*What this task involves:* From the line with "Middlesex Middle School Chorus Contract" to the line with "Groom dancing with", output every line below exactly, both ends included. Skip the pictures.

*Provided entries:*
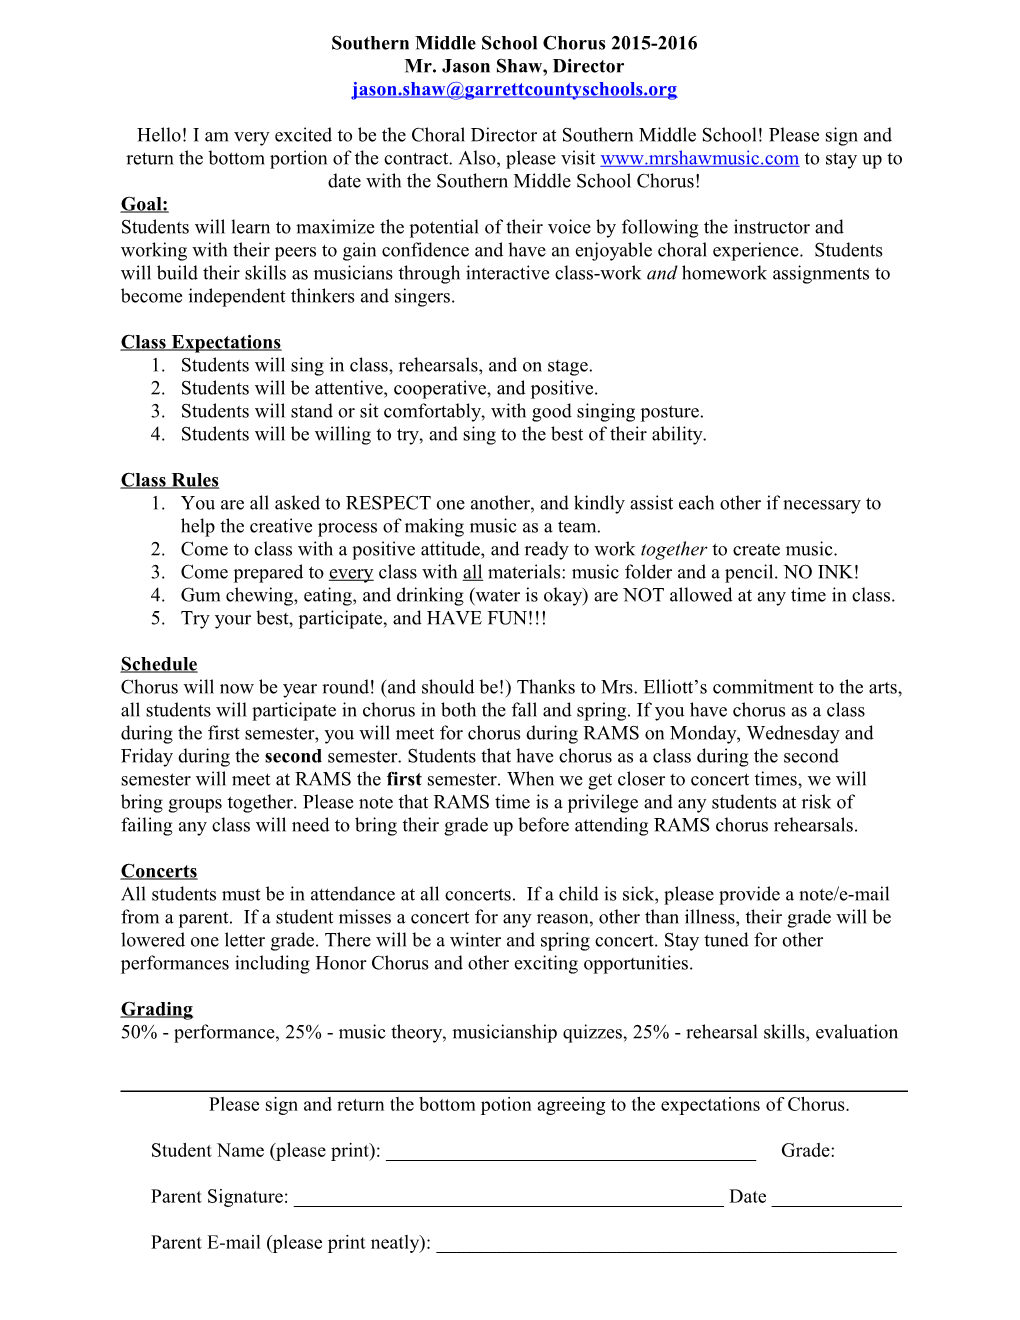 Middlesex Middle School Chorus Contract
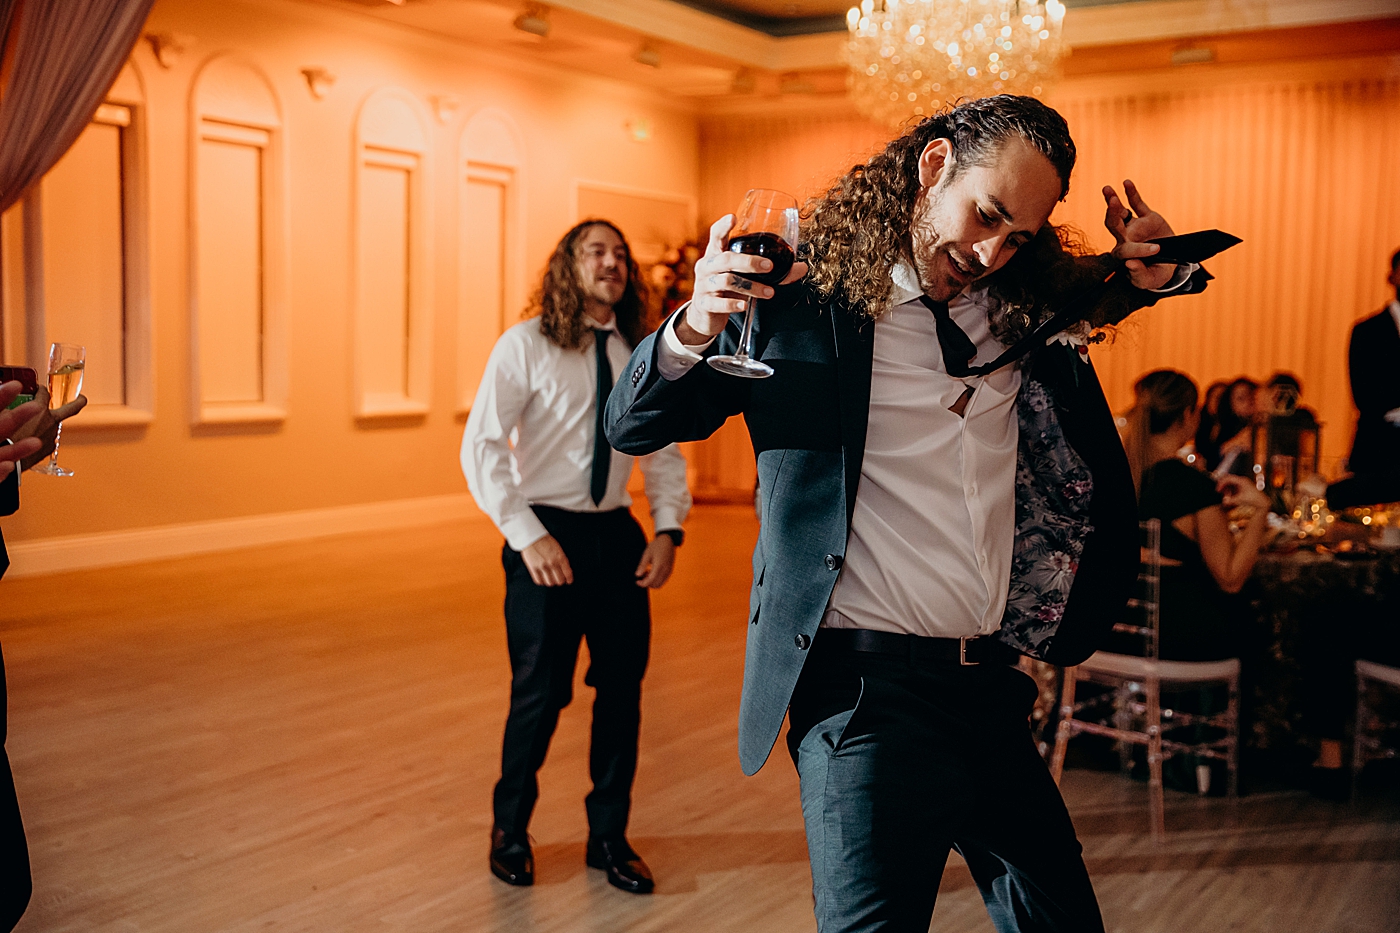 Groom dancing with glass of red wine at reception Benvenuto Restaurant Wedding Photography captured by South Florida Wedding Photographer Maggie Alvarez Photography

---

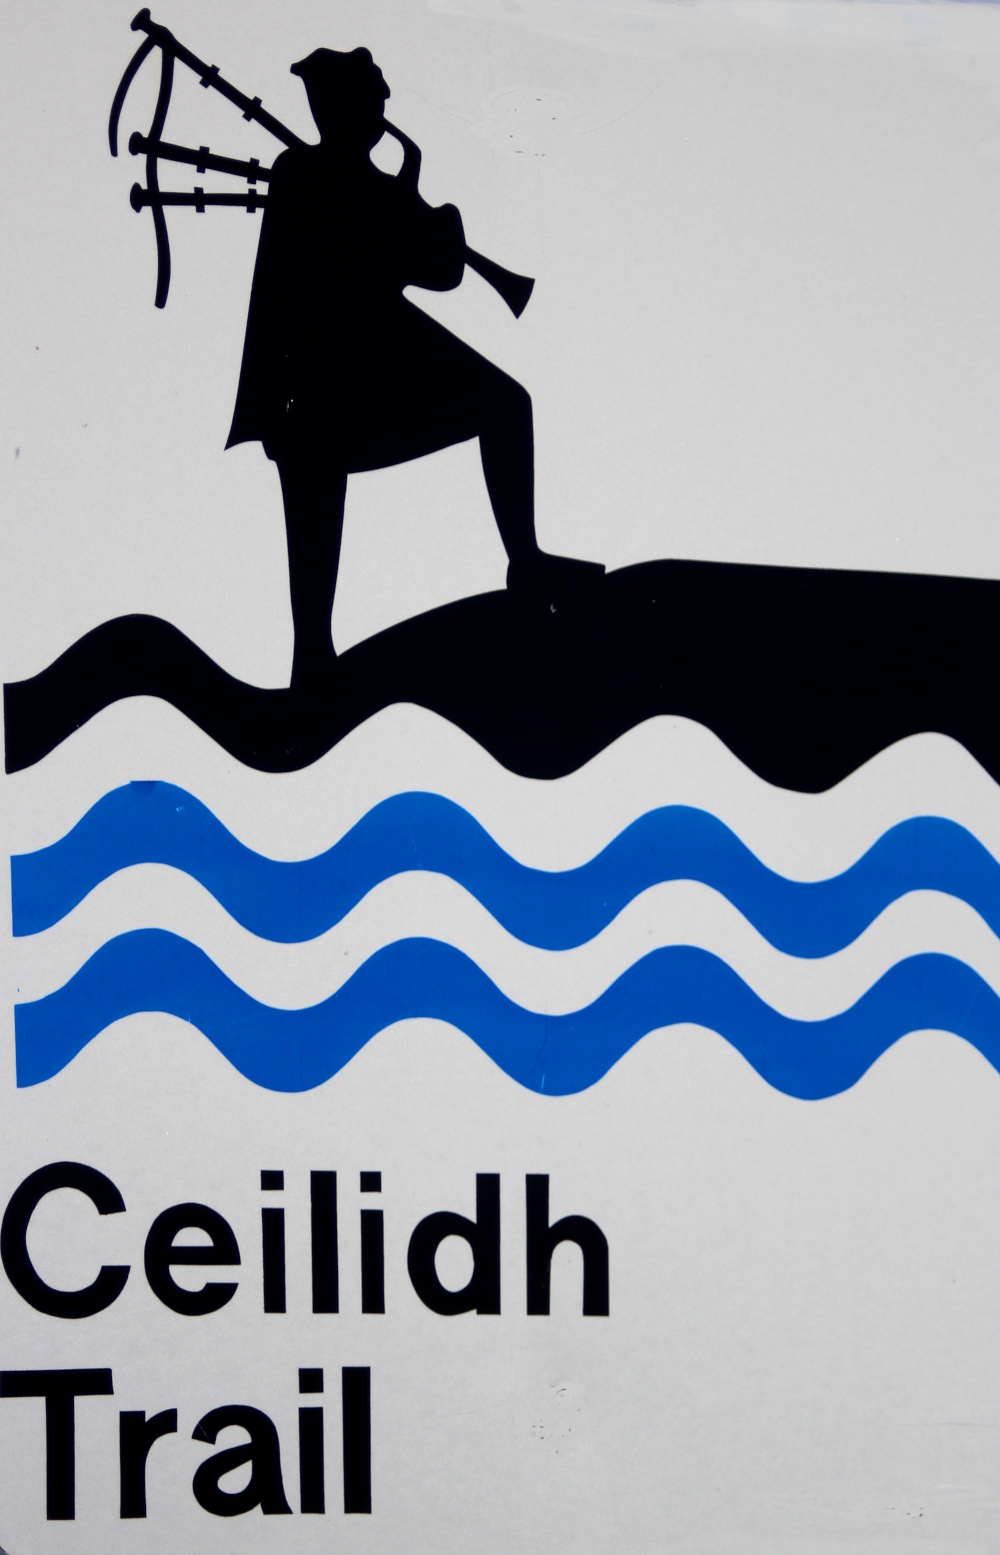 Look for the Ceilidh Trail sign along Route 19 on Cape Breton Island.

*Finished task:*
 Middlesex Middle School Chorus Contract
 Groom dancing with glass of red wine at reception Benvenuto Restaurant Wedding Photography captured by South Florida Wedding Photographer Maggie Alvarez Photography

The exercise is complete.